Innovation Insights is a daily post on LinkedIn to help leaders strengthen those all-important innovation muscles over the next 30 days. Below is a summary from week 2.

Innovation is natural, but not common. Positive processes like entrepreneurship, collaboration, and innovation are natural, but not automatic. People generally have an inclination to make a positive contributions, but a lot depends on leadership and culture in order for it to happen. Give people the tools, let them know you want their input, and show you have the discipline to execute. Aspire to be the leader around whom innovation is a natural occurrence.

Dangerous Competition. Is your organization a “dangerous competitor?” In sports, people wonder what the top competitor is doing to prepare. They may be nervous about getting in the ring with them or lining up at the starting line.

What does your competition think about you? Is your organization one against which the competition feels comfortable competing against and feel they have a pretty good shot at winning? What are you doing that would make them feel a little uneasy?

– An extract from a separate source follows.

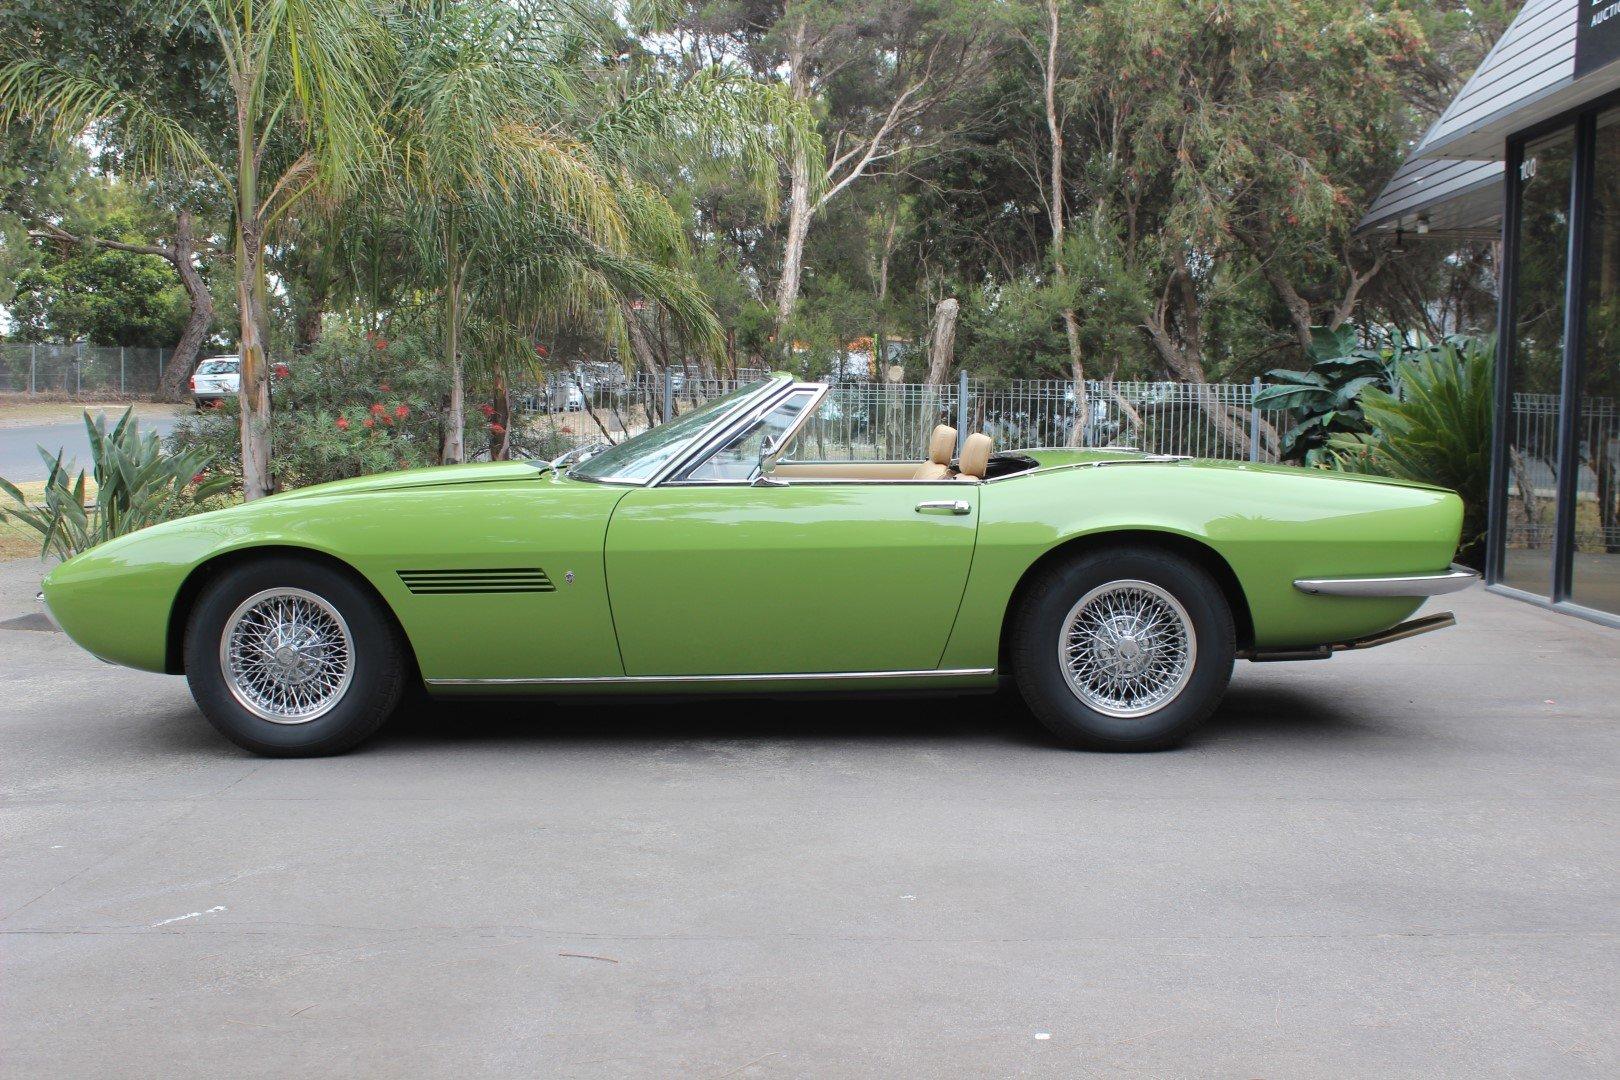 Maserati Ghibli 1969 For Sale (picture 1 of 6)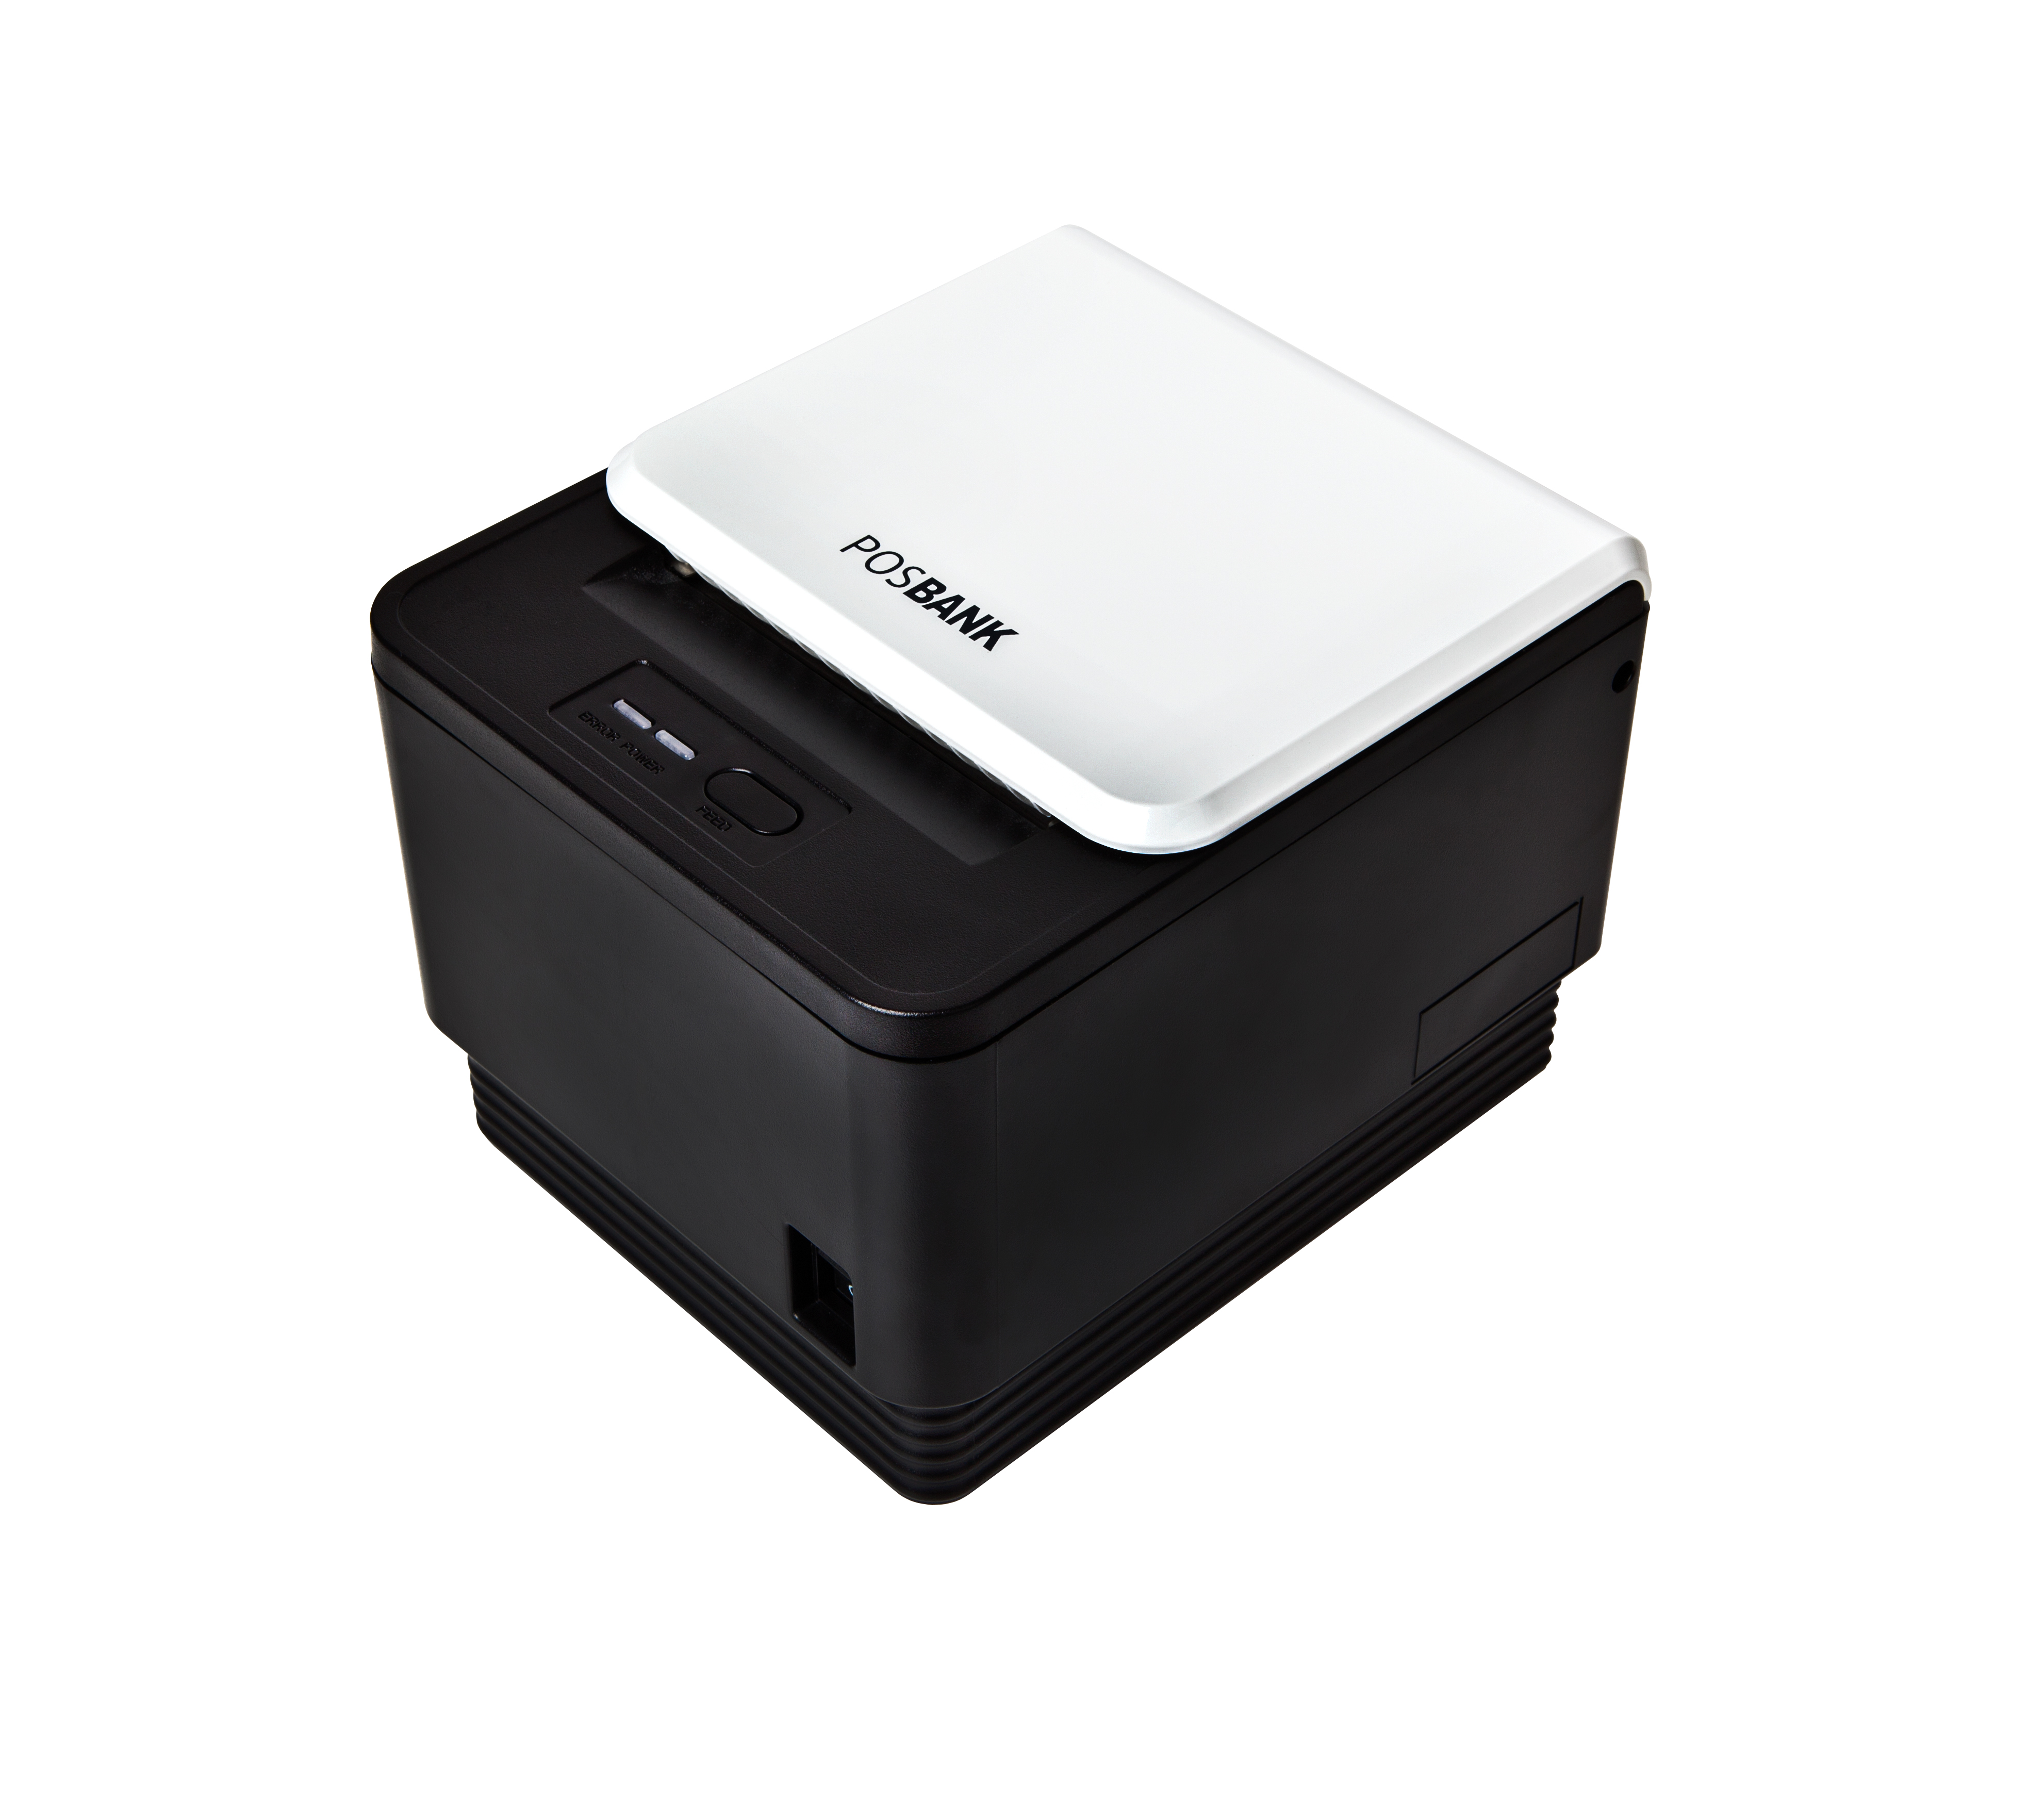 posbank-A7-receipt-printer-003.jpg

If your competition doesn’t wonder what you are up to or irritated that you did something cool before they could, it is unlikely that you are innovative enough and not living up to the potential for your organization. We should not obsess about the competition, be we should be making enough waves to rock the boats of others.

Growth and change. Are you a TREE or a NUT? I use the Acorn Principle with leaders to illustrate the need to change in order to grow. The acorn becomes a tall, strong tree –not simply bigger version of itself. Who needs a 400 pound acorn?? Organizations also need to change to grow. Systems, processes, products, and methods that worked great once may totally inappropriate today. Take pride in what you once were, but do not hesitate to embrace new and different iterations.

All together now. To ensure Pixar retained its collaborative magic as it grew, Steve Jobs pushed the organization to “get under one roof” and create an environment for accidental collaboration. Due to the restrictions of Covid, many organizations are at risk of losing their creative magic too. While it may be difficult  to get everyone under one roof physically, leaders CAN get people under “digital roofs” to promote collaboration and keep people connected. There are tools out there that do this very well. Combined with leader coaching and team training, there is no excuse to not have a full pipeline of ideas to transform your business. Don’t wait and don’t make excuses. Your competitors (known and unknown) certainly are not.

Robotic. Tools like RECAPTCHA use simple tasks (like identifying pictures of traffic signals) to verify you are a real person and not a robot. What are you doing with your team to prove that you are more than a robotic leader? Do you show that you value their opinions? Do you challenge them to come up with novel solutions to strategic challenges? Do you engage in good conversations that make everyone’s ideas better? Habits like these propel and culture of innovation AND prove to people that you are more than a “bot” leader.